Governors like Mills and Evers are suing and refusing to comply with ICE. But most blue states are being careful, not defiant. Funding threats, loyalty oaths, and state-level surveillance are blunting resistance. Local officials like Newark’s mayor are being arrested.

Media resistance

Weak

Major outlets are compromised, fragmented, or fearful. Citizen journalism is rising, but lacks scale and safety. Conservative disinfo dominates narrative framing. Investigative journalism exists, but gets buried under state-aligned propaganda.

Academic and institutional resistance

Moderate

Some universities (e.g. Harvard) are suing and refusing to comply with loyalty-based funding. But others are already capitulating or self-censoring. DEI programs and academic speech protections are being dismantled via budgetary threats.

Direct action / protest

Weak and fragmented

Sit-ins and rallies (e.g., Columbia, Capitol, legal protests) show symbolic bravery, but scale is limited, and crackdowns are growing. Chilling effect is real — fear of surveillance, prosecution, and violence is preventing mobilization.

Whistleblowers and leaks

Limited but important

Some leaks from DOGE and DOJ show internal resistance, but loyalty purges and lie detector tests are thinning ranks. Protection for whistleblowers is collapsing. Fear of retaliation is sky-high.

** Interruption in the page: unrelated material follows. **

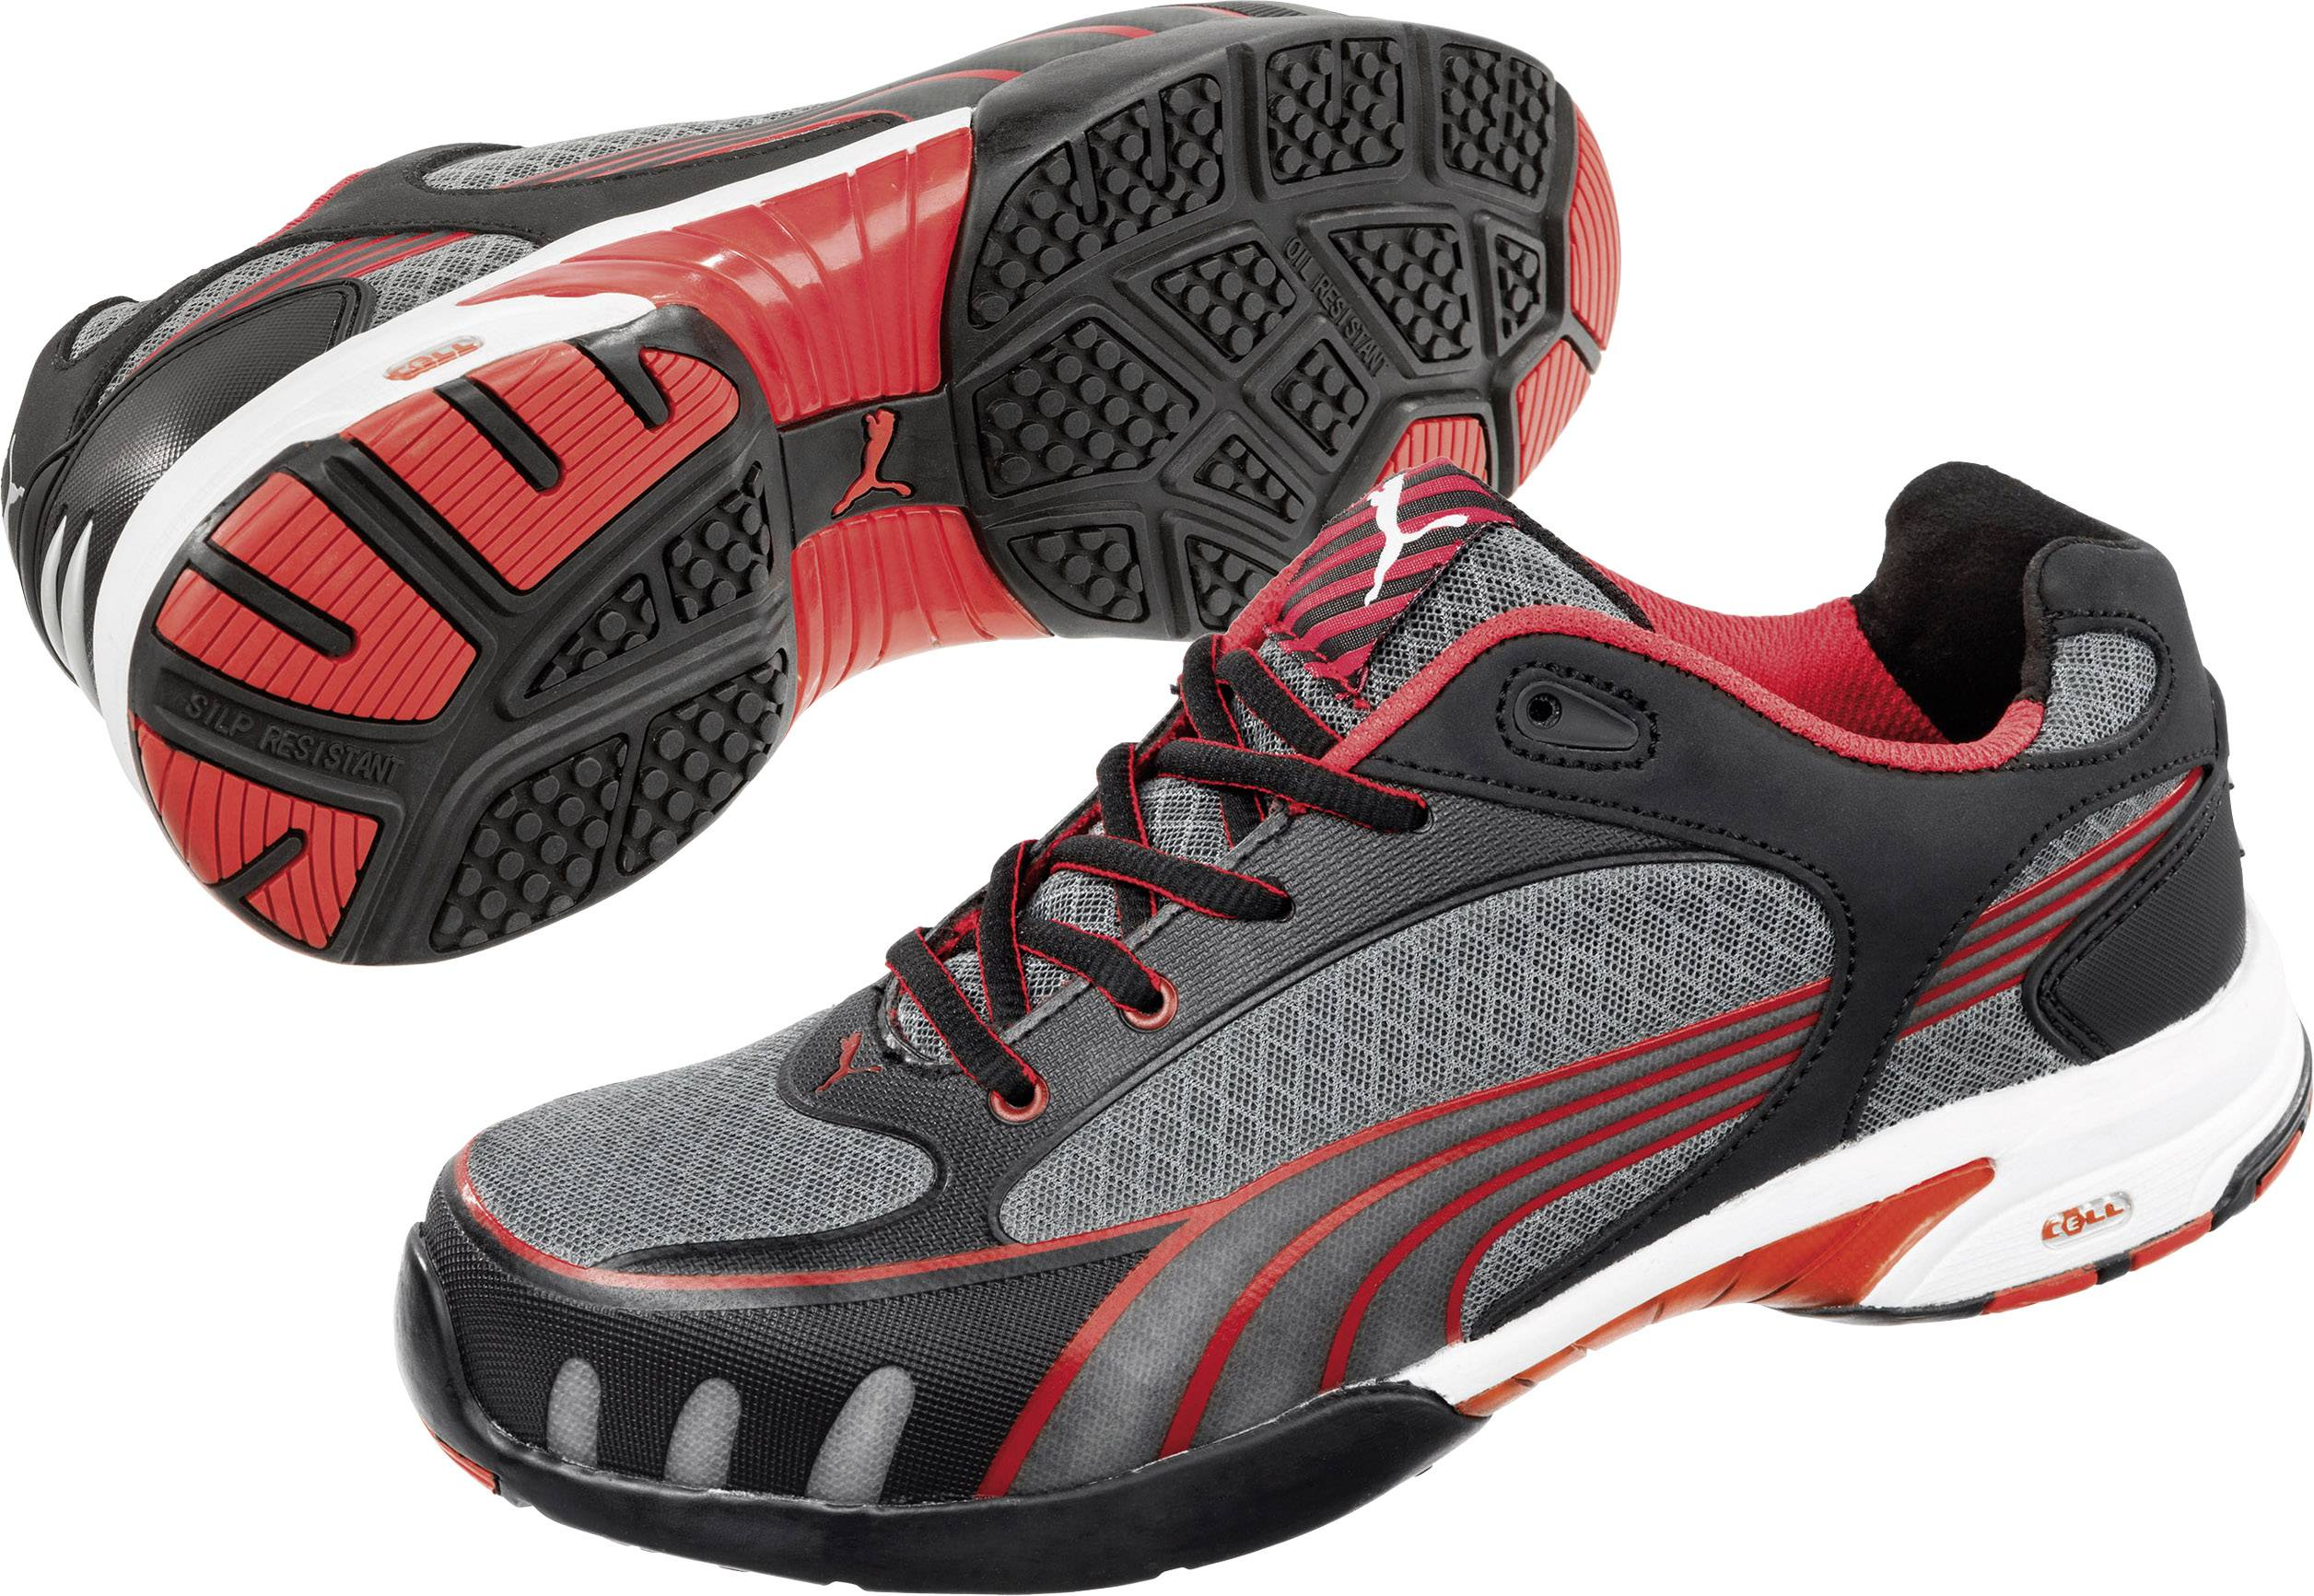 Bezpečnostná obuv S1 PUMA Safety Fuse Motion Red Wns Low 642870, veľ.: 37, čierna, červená, 1 pár

International condemnation

Emerging

Canada and parts of the EU (especially France, Germany) are showing diplomatic pushback. But most formal alliances (NATO, UN) remain silent or cautious. Economic leverage has not yet been applied.

Religious and moral leadership

Mixed and rising

Pope Leo XIV’s message is significant — a global rebuke of MAGA theology. But right-wing Catholic and evangelical leaders in the U.S. are radicalized and aligned with Trump. Most mainstream religious institutions are still hesitant to intervene.